U.S. Grains Slip Despite Strong Export Sales as Livestock Markets Whipsaw
Weather relief in the Southern Plains outweighed robust U.S. export tallies in price action.
Overview
- U.S. wheat futures fell for the week even after USDA reported a marketing‑year high 887,864 MT in weekly sales and a 132,000 MT white wheat sale to China, with forecasts for heavy Southern Plains rain and higher global supply estimates pressuring prices.
- Corn futures edged lower despite the largest weekly bookings of the marketing year at 2.26 MMT, as IGC nudged world corn production and stocks up 1 MMT and delayed CFTC data showed sizable speculator net shorts.

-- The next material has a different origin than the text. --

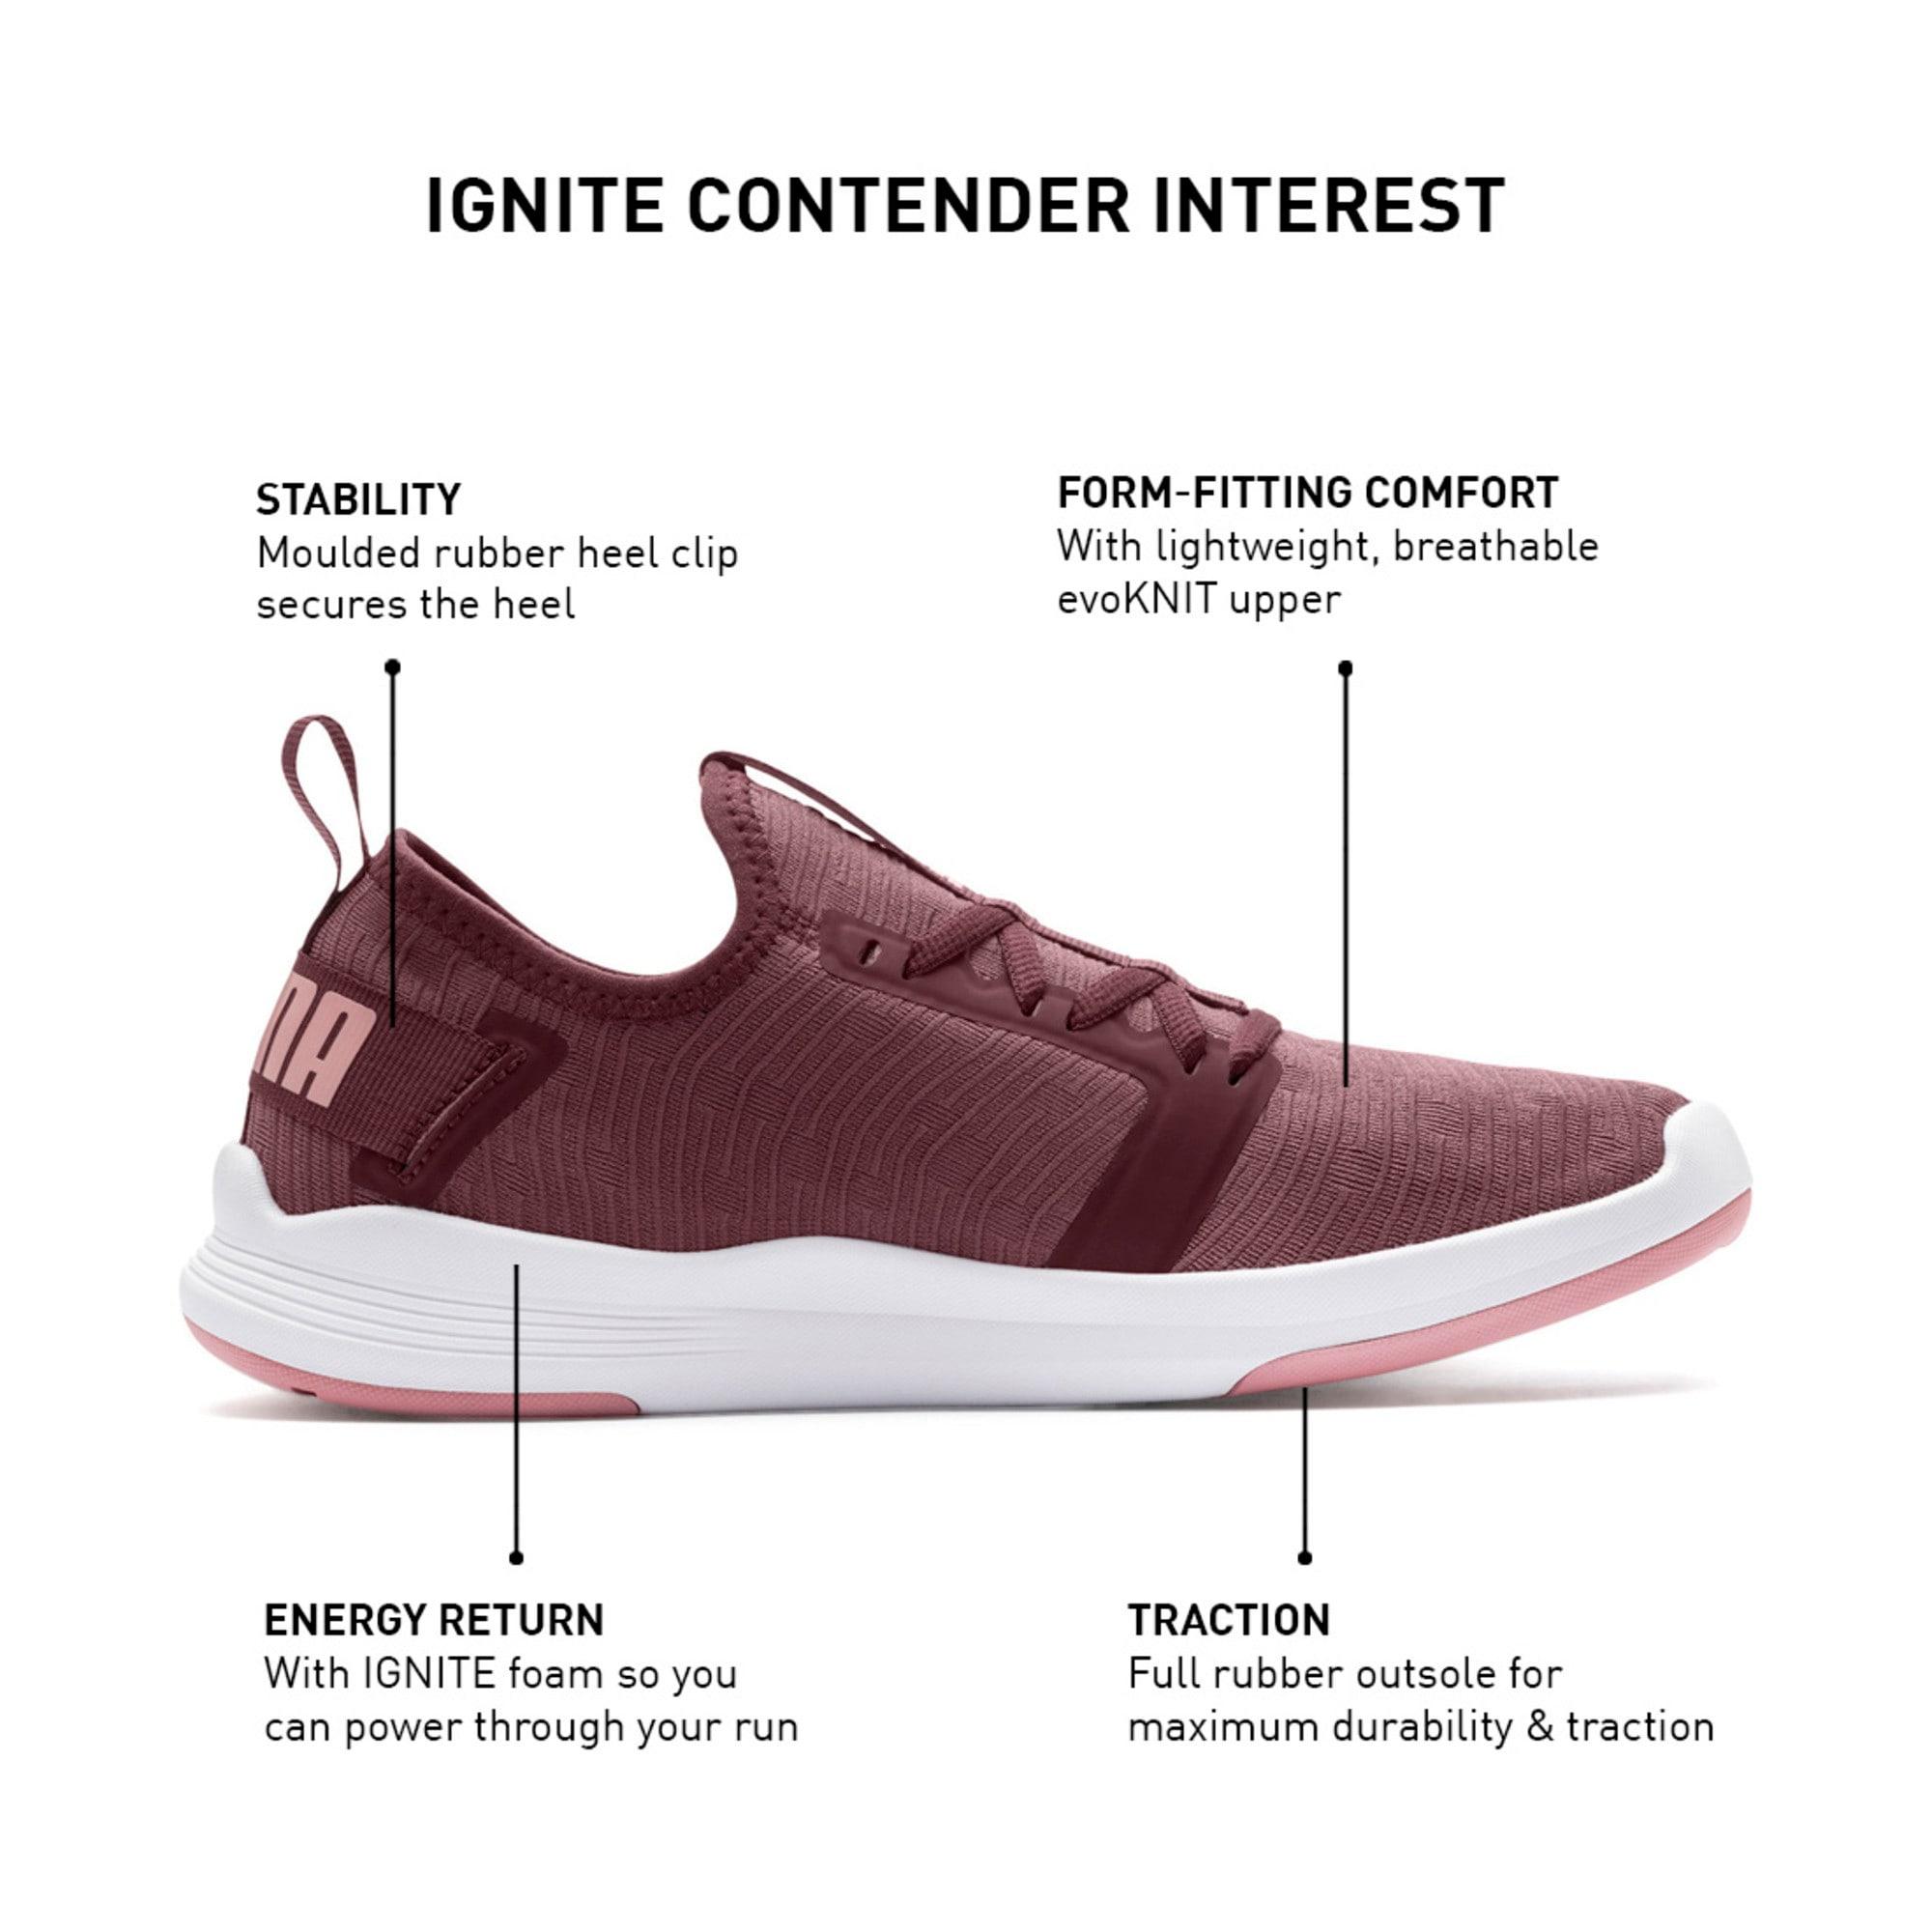 Thumbnail 9 of IGNITE Contender Interest Women's Trainers, Vineyard Wine-Bridal Rose, medium-IND

- Soybeans weakened after USDA confirmed 919,447 MT in weekly sales and daily announcements totaling 1.812 MMT to China this week, while IGC trimmed world soybean output by 2 MMT and cut ending stocks by 2 MMT to 77 MMT.
- Cattle traded choppy and finished lower Friday after President Trump lifted the 40% tariff on Brazilian beef retroactive to Nov. 13, as the USDA Cattle on Feed report showed October placements down 10.02% and on‑feed down 2.17% year over year.
- Tyson said it will close its Lexington, Nebraska plant and move Amarillo, Texas to a single shift, while lean hogs faced volatile fundamentals with record managed‑money net longs in delayed CFTC data and softer pork cutout values late in the week.